Oh, and I'm using a recent version of hg:
$ hg --version
Mercurial Distributed SCM (version 2.0)
$ echo hello | ssh localhost hg -R /home/catlee/mozilla/try serve --stdio
145
capabilities: lookup changegroupsubset branchmap pushkey known getbundle unbundlehash batch stream unbundle=HG10GZ,HG10BZ,HG10UN httpheader=1024
This doesn't match what hg.mozilla.org is running:
$ echo hello | ssh hg.mozilla.org hg -R /mozilla-central serve --stdio
67
capabilities: unbundle lookup changegroupsubset branchmap stream=1
So it must be using an older version. Let's see what mercurial 1.6 does:
$ mkvirtualenv hg16
New python executable in hg16/bin/python
Installing setuptools...
(hg16)$ pip install mercurial==1.6
Downloading/unpacking mercurial==1.6
Downloading mercurial-1.6.tar.gz (2.2Mb): 2.2Mb downloaded
...
(hg16)$ hg --version
Mercurial Distributed SCM (version 1.6)
(hg16)$ echo hello | ssh localhost /home/catlee/.virtualenvs/hg16/bin/hg -R /home/catlee/mozilla/mozilla-central serve --stdio
75
capabilities: unbundle lookup changegroupsubset branchmap pushkey stream=1
That looks pretty close to what hg.mozilla.org claims it supports, so let's time 'hg out' again:
(hg16)$ time hg out ssh://localhost//home/catlee/mozilla/try
hg out ssh://localhost//home/catlee/mozilla/try 0.73s user 0.04s system 3% cpu 24.278 total
tl;dr
Finding missing changesets between two local repositories is
6x slower with hg 1.6 (4 seconds with hg 2.0 to 24 seconds hg 1.6). Add a few hundred people and machines hitting the same repository at the same time, and I imagine things can get bad pretty quickly.

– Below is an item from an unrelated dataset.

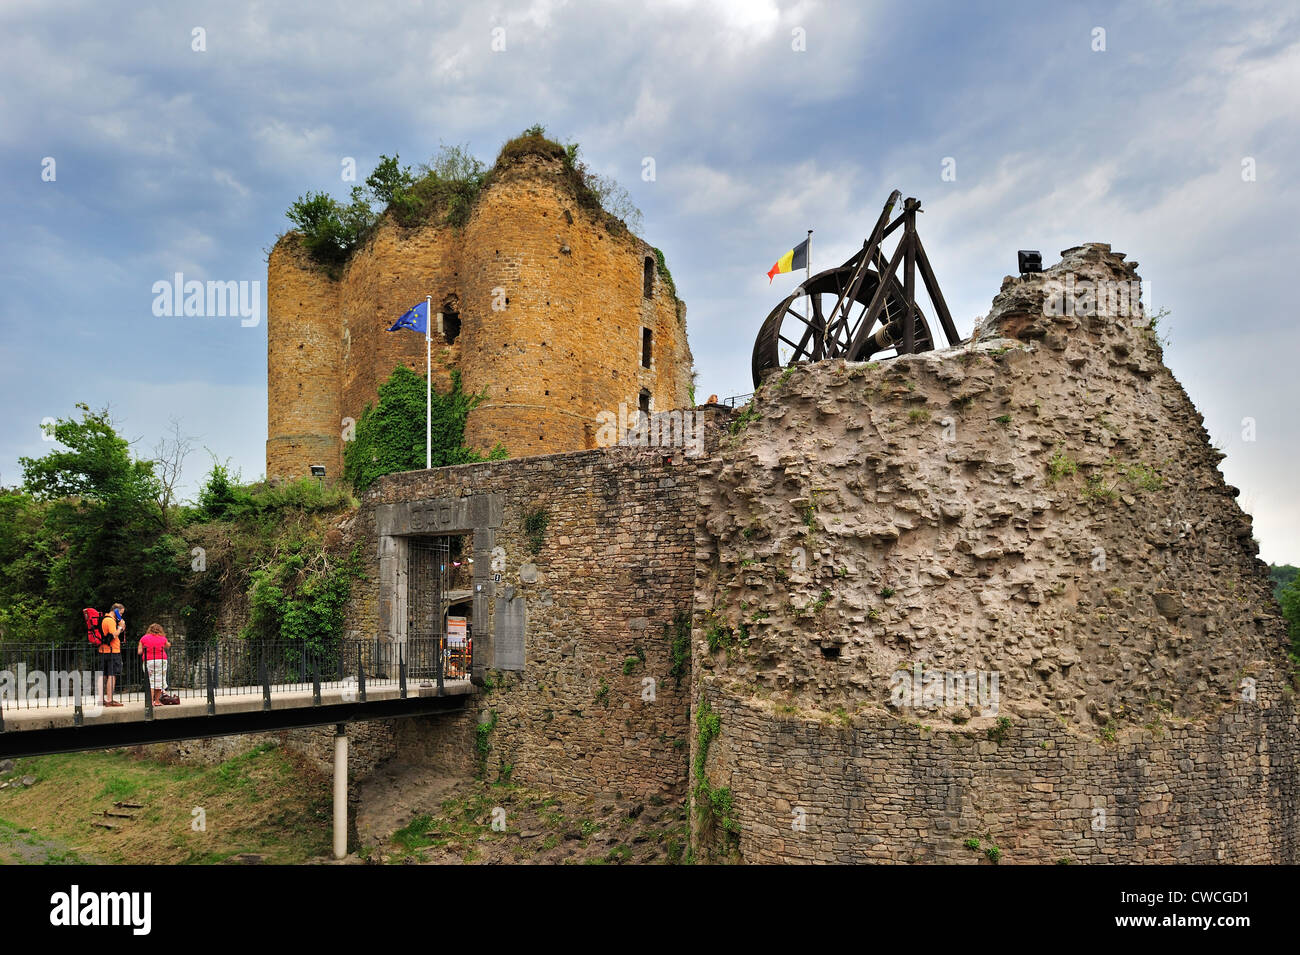 Les touristes visitant les ruines du château médiéval Château de Franchimont à Theux dans les Ardennes Belges, Liège, Belgique Banque D'Images

Some further searching reveals that mercurial does support a
faster method of finding missing changesets in "newer" versions, although I can't figure out exactly when this change was introduced. There's already a
bug on file for upgrading mercurial on hg.mozilla.org, so hopefully that improves the situation for pushes to try.
The tools we use everyday aren't magical; they're subject to normal debugging and profiling techniques. If a tool you're using is holding you back, find out why!